Internationally, Meloni has skillfully avoided the fate of her illiberal ally to the north, Hungary’s Viktor Orban, who, while earning praise from former president Donald Trump, has been largely ostracized in Europe and the United States. Unlike Orban, she is in sync with Brussels and Washington on Russia – supporting tough sanctions on Moscow and military aid for Ukraine. That position has allowed her to establish fruitful working relationships, including with Biden, who kissed her on top of the head during one of her two visits to the White House.

Her foreign policy has helped Meloni “become part of the inner circle in Europe, avoid a kind of Orban-style isolation and be treated much better [by European Union leaders] than they would normally treat someone with her political pedigree,” said Jeromin Zettelmeyer, director of the Brussels-based think tank Bruegel.

Talk across the continent now is that the future of Europe could be shaped by three conservatives: Meloni; center-right European Commission President Ursula von der Leyen, should she win a new term; and French nationalist Marine Le Pen, who has gained momentum ahead of a probable presidential run in 2027.

The European Parliament elections have delivered “a pink Europe, because its future lies in the hands of three women,” said Ferruccio De Bortoli, former editor in chief of the Italian daily Corriere della Sera.

Meloni, he noted, was the only leader of a major European country “to emerge victorious from the European elections, which delivered a slap in the face to the French-German axis, especially Macron.”

Von der Leyen’s future as commission president is dependent on political horse trading in the days ahead, but she has worked well with Meloni, including on a deal with Tunisia to crack down on migrants. Should she overcome hurdles – including reported opposition by Macron – and stay on, some analysts believe the German conservative could forge an even closer alliance with Meloni.

Or von der Leyen may not risk such a bargain. As election results came in Sunday night, she warned that centrist politicians would need to maintain stability in the face of extremist gains. Despite Meloni’s best attempts, her party is still seen as toxic by some leading voices in Europe.

Von der Leyen “does not need to go and seek the support of … the Brothers of Italy or even that of Giorgia Meloni,” Jean-Claude Juncker, former president European Commission, told the Italian outlet La Stampa. He described Meloni’s party as part “of the extreme right.”

The hard right in Europe is notoriously divided. But its strength in France could aid Meloni as she seeks to promote more independence from Brussels bureaucrats and to alter regional policies, such as the planned phaseout of internal combustion engines in Europe by 2035.

Meloni’s critics are concerned that her success could push the boundary of what it means to be “right wing” in Europe toward intolerance and illiberalism. She has not attacked the courts or the rule of law in the same manner as, say, Orban in Hungary or the hard-right leaders of Poland before a change of leadership there last year.

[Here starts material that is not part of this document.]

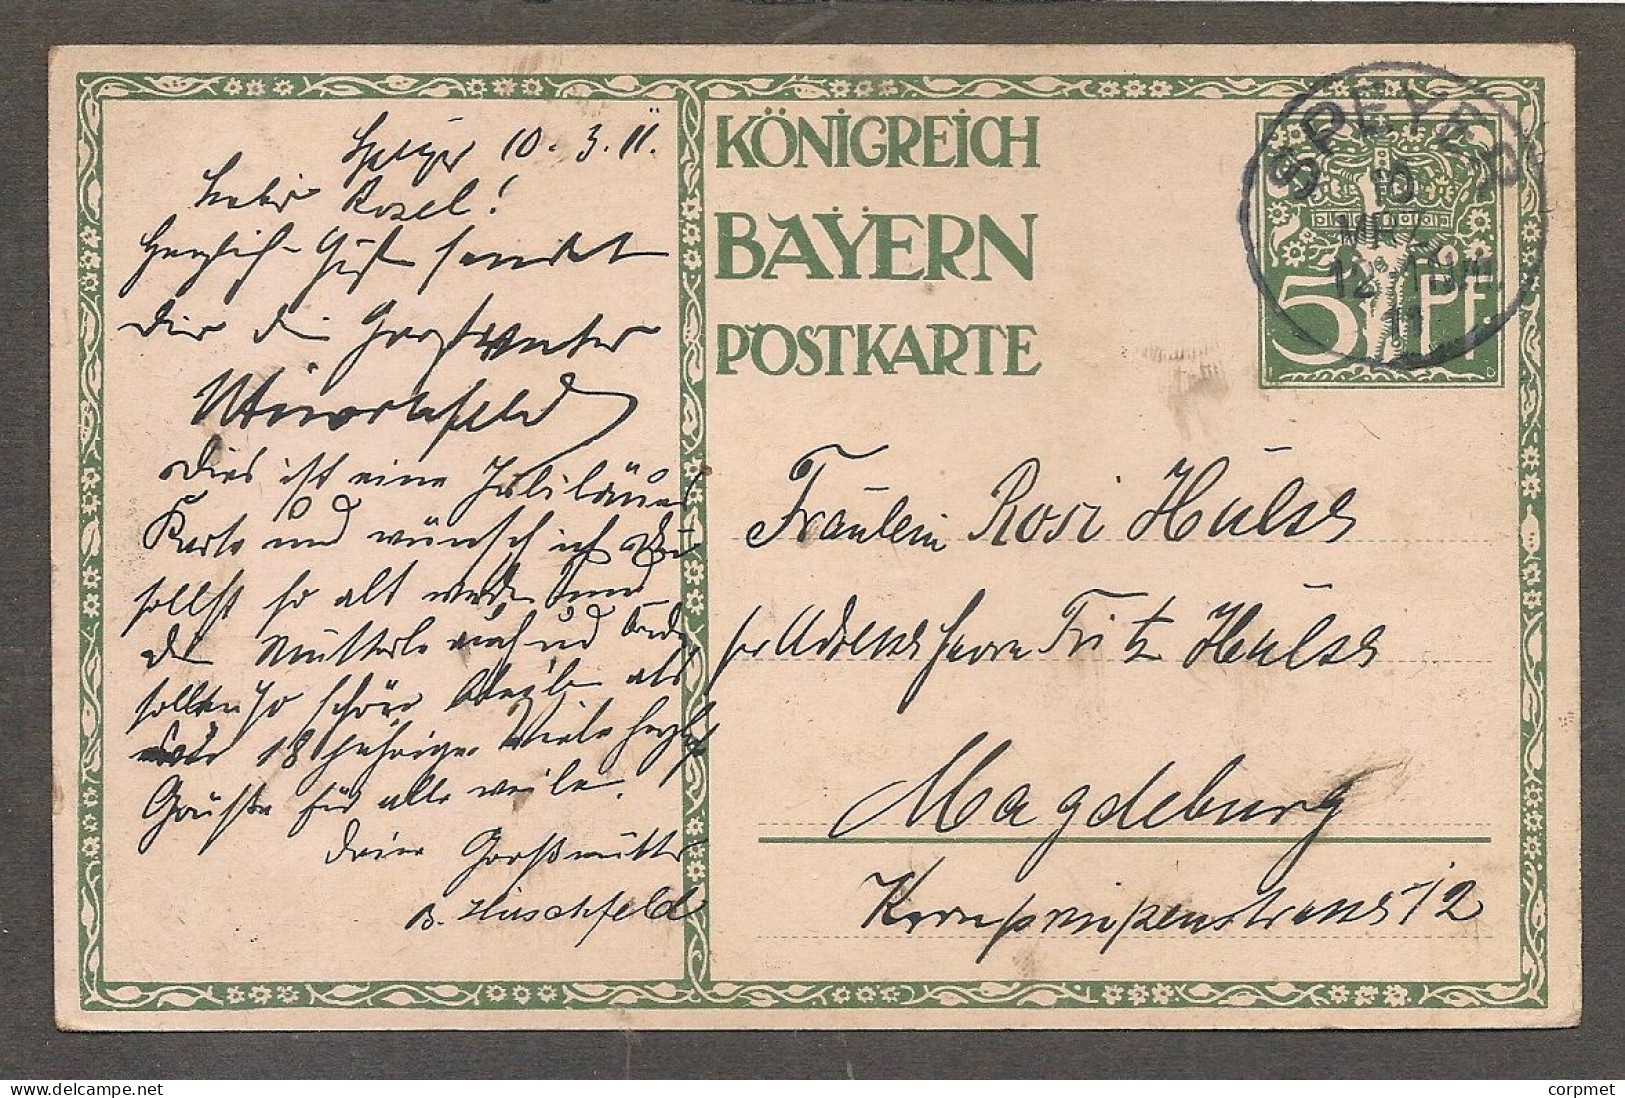 DEUTSCHLAND GERMANY KONIGREICH BAYERN POSTKARTE 1821-1911 - ILLUSTRATEUR DIEZ POSTKARTE - Vf SPEYER To MAGDEBURG 10/3/11 - Briefe U. Dokumente

But she has sued critical journalists and intellectuals for libel. Her government has also chipped away at social rights. She has backed legislation that would lead to the criminalization of same-sex couples using international surrogacy (domestic surrogacy is already banned). In April, Italy’s two chambers approved a government-backed law that will allow antiabortion activists to enter family planning clinics.

“In the worst case scenario [Meloni’s success] may infect Europe with a wish to roll [LGBTQ+] rights back,” said Gabriele Piazzoni, secretary general of Arcigay, Italy’s largest gay rights group. “These attacks … threaten the level of social acceptance this country had reached.”